[clfft] 07/23: fixing ECC issue in inverse C2R tranform; pow2 only

Ghislain Vaillant ghisvail-guest at moszumanska.debian.org
Tue Aug 18 16:08:20 UTC 2015


This is an automated email from the git hooks/post-receive script.

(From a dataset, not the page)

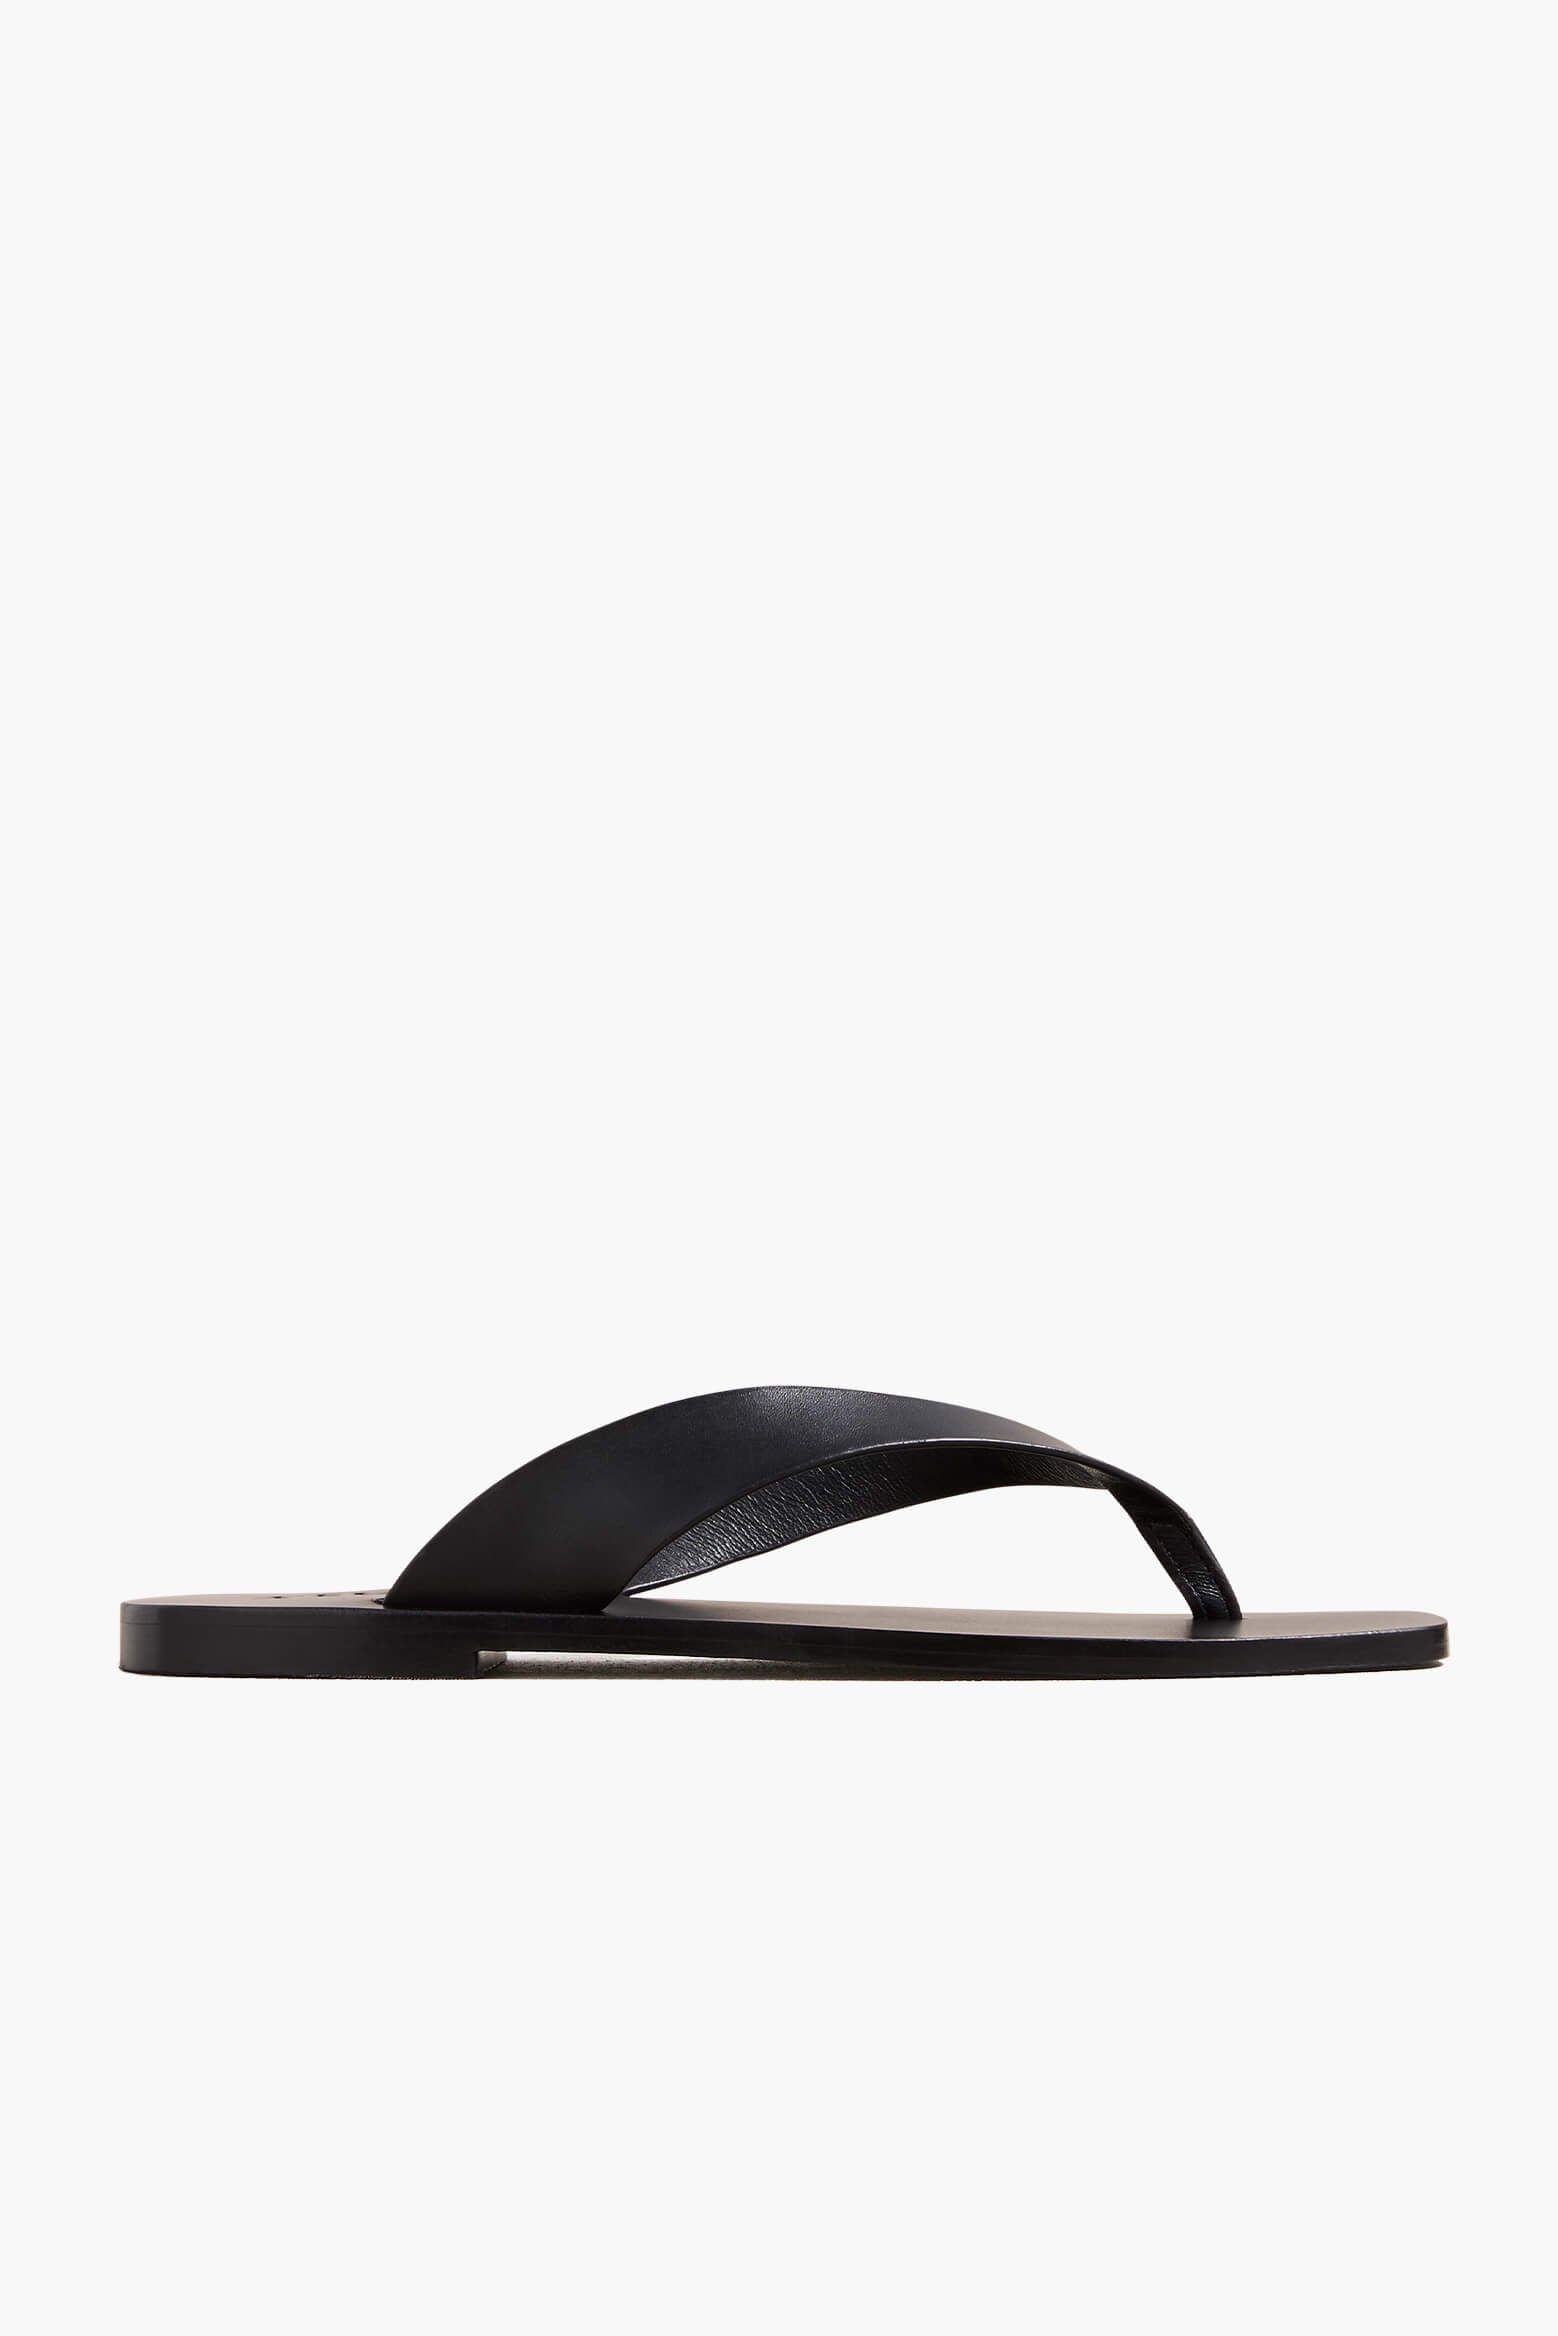 A.Emery Kinto Sandal in Black available at The New Trend Australia.
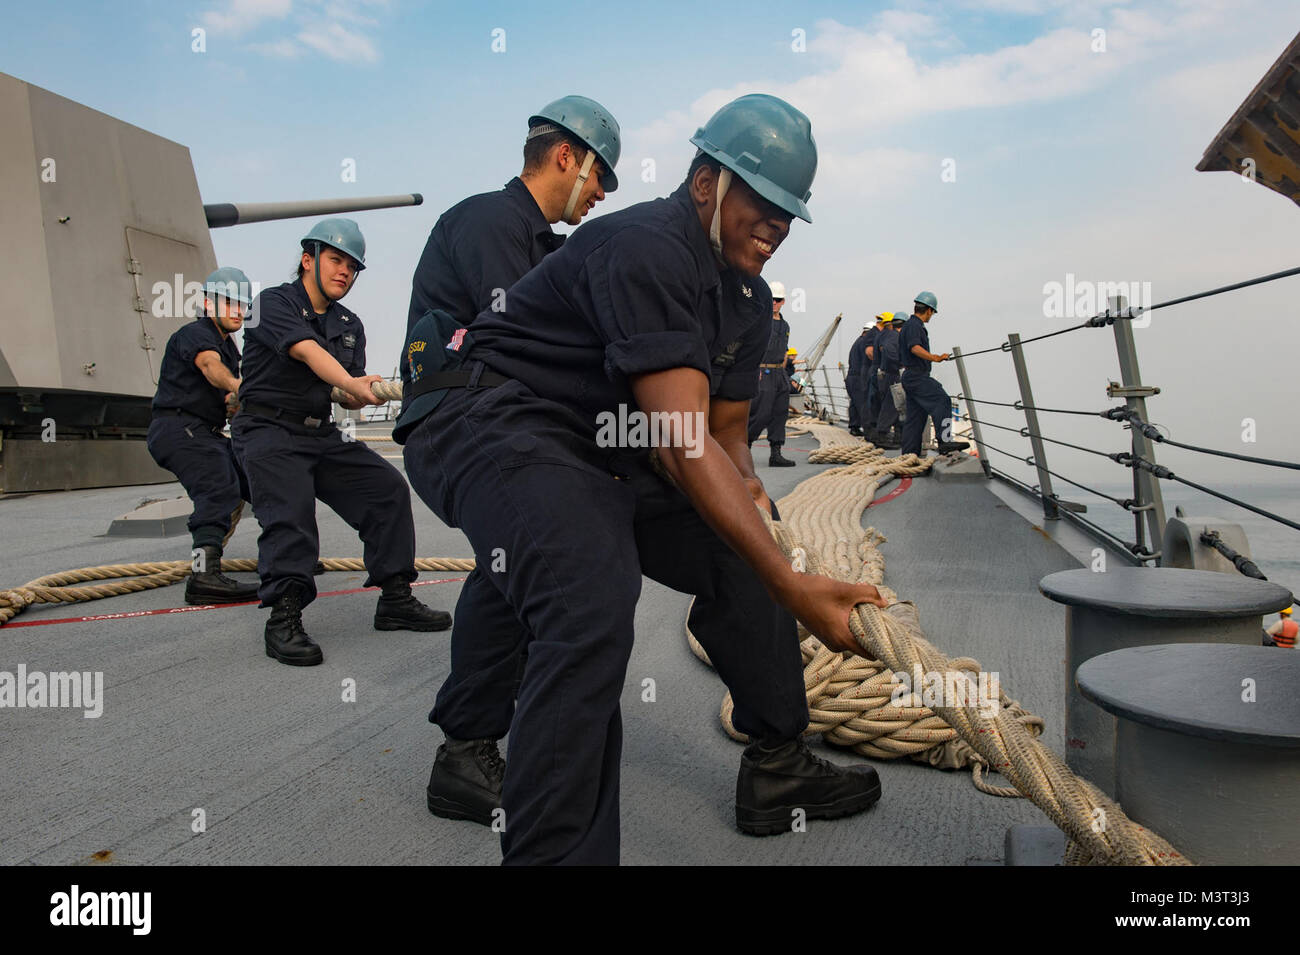 160413-N-MD297-014 ACAJUTLA, El Salvador (April 13, 2016) Sailors aboard the Arleigh Burke-class guided-missile destroyer USS Lassen (DDG 82) heave a mooring line as the ship moors in Acajutla, El Salvador for a brief stop for fuel (BSF). Lassen is currently underway in support of Operation Martillo, a joint operation with the U.S. Coast Guard and partner nations within the 4th Fleet area of responsibility. Operation Martillo is being led by Joint Interagency Task Force South, in support of U.S. Southern Command. (U.S. Navy photo by Mass Communication Specialist 2nd Class Huey D. Younger Jr./R Stock Photo

ghisvail-guest pushed a commit to branch debian/sid
in repository clfft.

commit ccff4c9e438efd0f8d2e6d442a1c5284067f6e63
Author: bragadeesh <bragadeesh.natarajan at amd>
Date:   Wed Aug 5 15:53:40 2015 -0500

    fixing ECC issue in inverse C2R tranform; pow2 only
---
 src/library/generator.stockham.cpp | 95 ++++++++++++++++++++++++++++++++++++++
 src/tests/accuracy_test_pow3.cpp   |  2 +-
 src/tests/accuracy_test_pow5.cpp   |  2 +-
 3 files changed, 97 insertions(+), 2 deletions(-)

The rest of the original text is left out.